Only after the applicable CRA conformity assessment procedure has been completed with a positive result. The mark must be affixed before the product with digital elements is placed on the market.

For a launch review, do not treat CE marking as a packaging-only task. The manufacturer should first confirm the selected Article 32 route, the product's classification, the risk assessment, the essential-requirement coverage, the vulnerability-handling evidence, and the EU declaration of conformity.

Article 32 recognises internal control under module A, EU-type examination followed by conformity to type under modules B+C, full quality assurance under module H, and, where available and applicable, specified European cybersecurity certification schemes.

Module A is self-assessment. Modules B+C and H involve a notified body. Important or critical products may have narrower route choices, especially where harmonised standards, common specifications, or qualifying certification schemes are not applied or do not exist for the relevant requirements.

Not always. Under the CRA, the notified body's identification number follows the CE marking where the notified body is involved in conformity assessment based on full quality assurance, module H.

For module B+C, a notified body examines the design and development and issues the relevant certificate, but Article 30(4) ties the identification number after the CE mark to module H. The launch evidence should therefore record both the route used and whether a notified-body number is legally expected next to the mark.

The CRA rule is product first: the CE marking must be visible, legible, and indelible on the product with digital elements. If that is not possible or not warranted because of the product's nature, it must be put on the packaging and on the EU declaration of conformity accompanying the product.

Aesthetics alone are not a sound reason to move the mark away from the product. For physical products, a website-only CE marking is not the CRA fallback; the website option is specific to software products.

For a product with digital elements in the form of software, the CRA allows the CE marking either on the EU declaration of conformity or on the website accompanying the software product.
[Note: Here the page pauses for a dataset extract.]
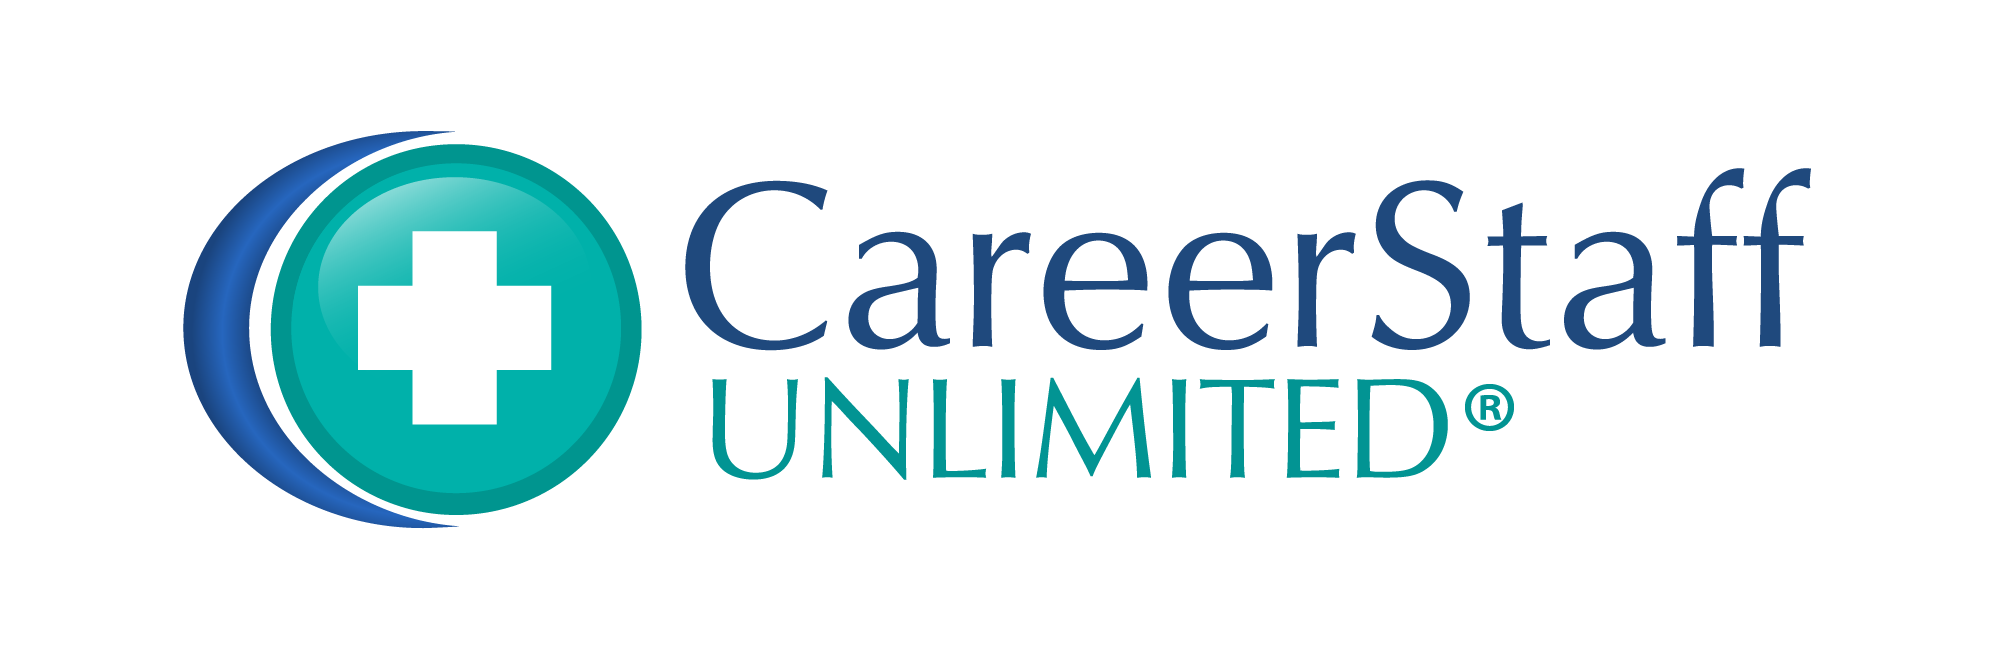 CareerStaff Unlimited Registered.png

If the website route is used, the relevant website section must be easily and directly accessible to consumers. Practical evidence should include the URL, the page content, the release or product version covered, and a way to prove that the page was live and accessible when the software was placed on the market.

The CE marking must follow the general CE-marking principles in Regulation (EC) No 765/2008 and the CRA's visible, legible, and indelible placement rule. The Commission FAQ states the general rule that the mark has to be larger than 5 mm, with exceptions only where the product's size does not allow it and visibility remains preserved.

A useful launch check is to review the final product, packaging, declaration, software website page, screenshots, labels, and manuals together. The mark should not be hidden in a location that is not easily visible in the product's intended use.